The FDA has classified the recall as Class I. So far, there have been 179 complaints and three injuries, but no deaths.

Abiomed Recalls Certain Impella 5.5 Devices Due to Risk of Purge-Fluid Leaks

Abiomed is recalling some of its Impella 5.5 with SmartAssist devices in response to complaints about purge fluid leaking from the purge sidearm of the pump. Today, the US Food and Drug Administration sent out an alert identifying it as a Class I recall, the most serious type.

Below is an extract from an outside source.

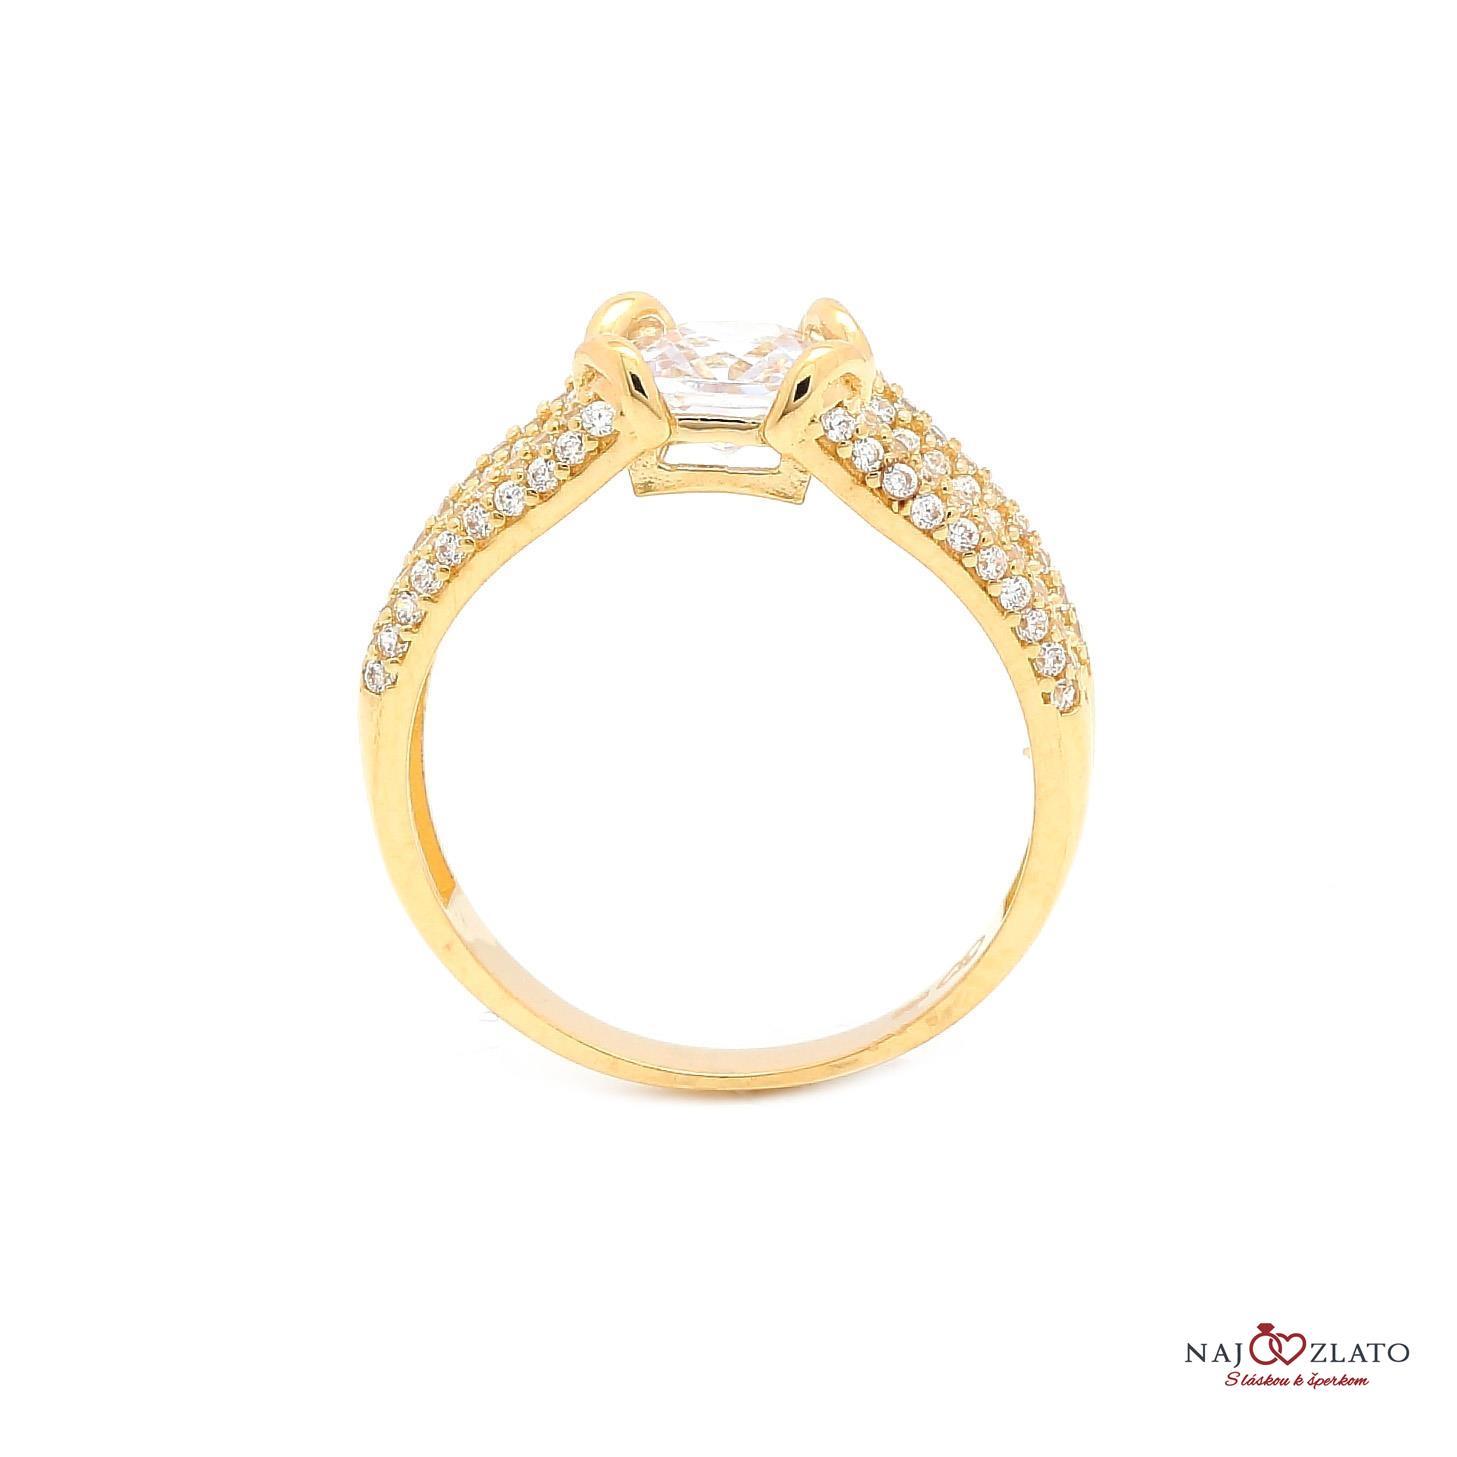 zlatý zásnubný prsteň marijana zlatý zásnubný prsteň marijana 2 ... 186ff221d29

“If a purge leak occurs, the system will experience low purge pressures, prompting alarms and requiring evaluation,” the agency says in its recall alert. “If the leak issue is not resolved, persistent low purge pressure and purge flow may lead to pump stop and loss of therapy. In patients who are critical, failure of the pump’s support can lead to further deterioration and worsening of their already critical condition and may even lead to serious injury or death.”

Impella 5.5 with SmartAssist is intended to provide mechanical circulatory support for up to 14 days in patients with cardiogenic shock occurring within 48 hours of acute MI or open heart surgery, or in the setting of cardiomyopathy.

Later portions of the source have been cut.